Además la norma promulgada por el Gobierno “afecta al derecho de propiedad y las reglas de juego”. “No es lo mismo una paritaria, que implica un proceso de negociación, a que te digan de repente que tenés que desembolsar $5.000; ¿y si el día de mañana al Gobierno y los sindicatos se les ocurre arreglar un bono de $50.000?”, plantea, y agrega: “Es inconstitucional que te obliguen a pagar el bono de $5.000 porque es ir contra tu patrimonio”.

Ahora bien, el decreto en cuestión incluye un supuesto salvoconducto para empresas en una situación complicada. Las "actividades o sectores que se encuentren especialmente en crisis o declinación productiva" podrán "adecuar la implementación" de los "plazos y montos" del bono. Esto quiere decir que podrán pagar una cifra menor y en más cuotas, según el texto.

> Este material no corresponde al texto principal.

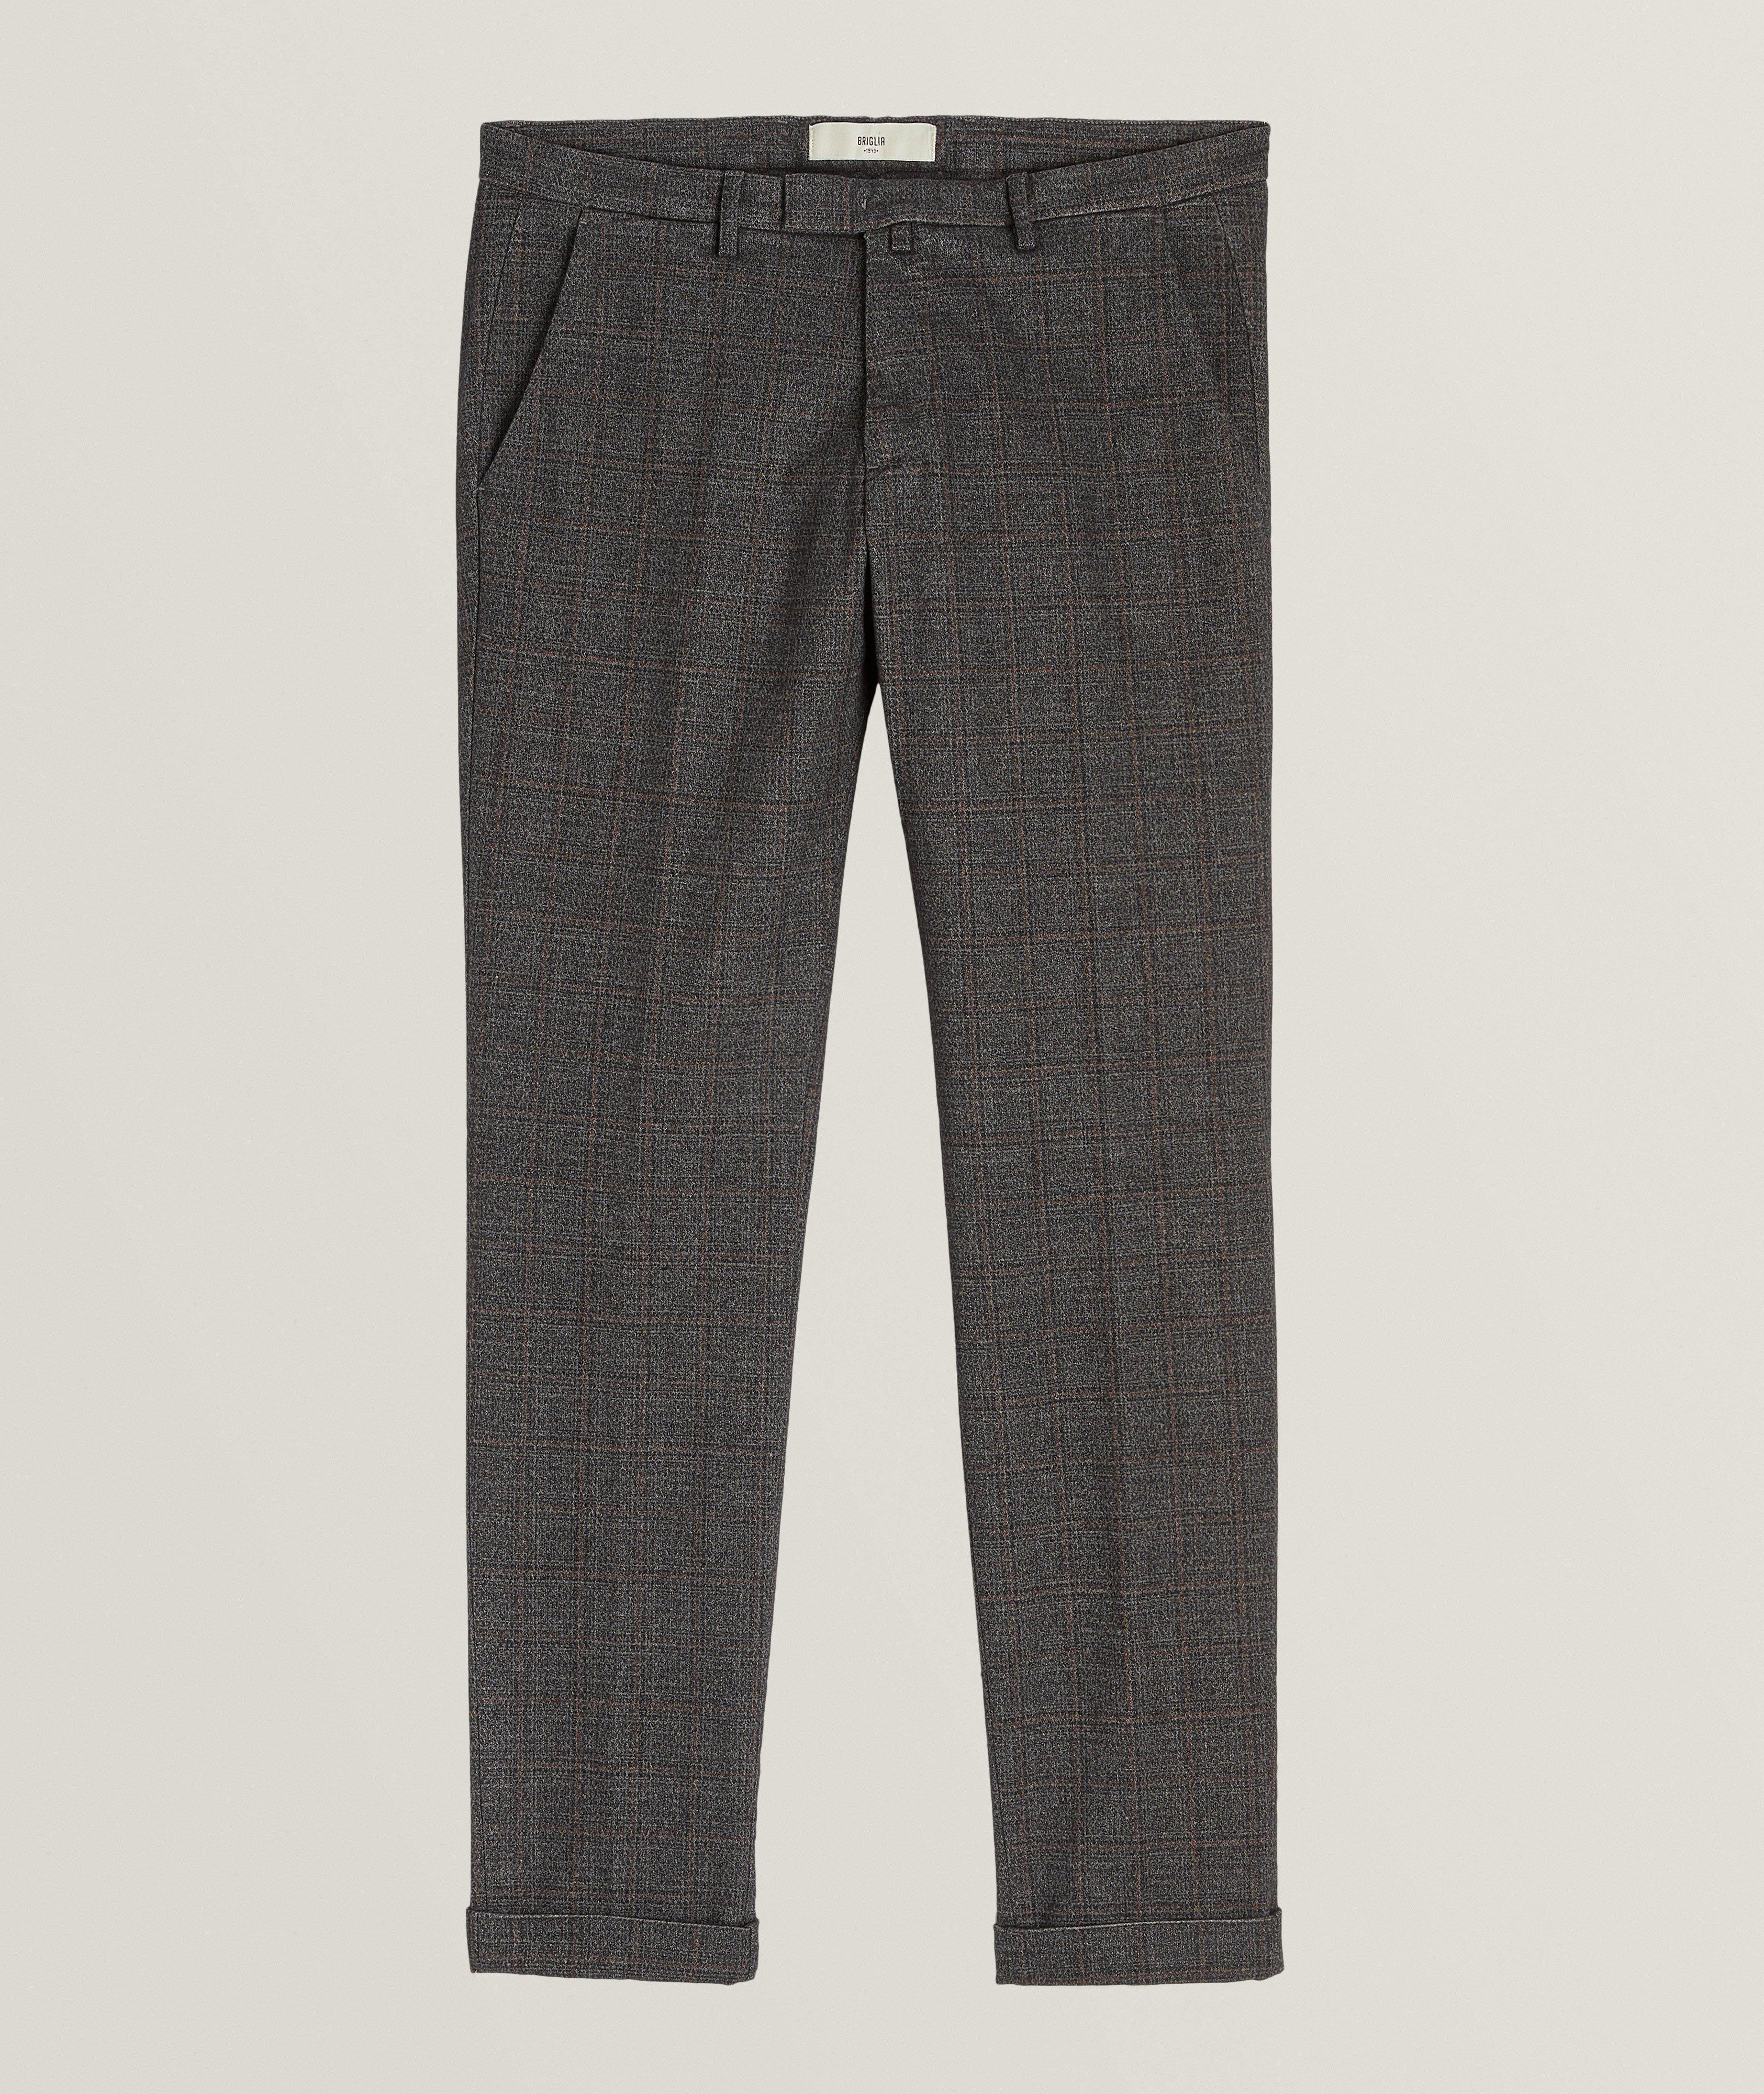 Checkered Cotton-Blend Pants image 0

Sin embargo en la interpretación del abogado, es “muy complicado” para una firma acogerse a esta situación si se le plantean los mismos requisitos que en un procedimiento preventivo de crisis, por ejemplo. “Para acceder a esta figura la empresa debe demostrar que su situación es producto de un contexto macroeconómico determinado y decisiones ajenas y no de la propia administración de la firma, lo cual implica un costo político inmenso para quien debe admitir la crisis como resultado de una gestión pública”, reflexiona Alvarado. Para graficarlo, expone que en Mendoza solo se han otorgado “una o dos” de estas excepciones en los últimos 20 años.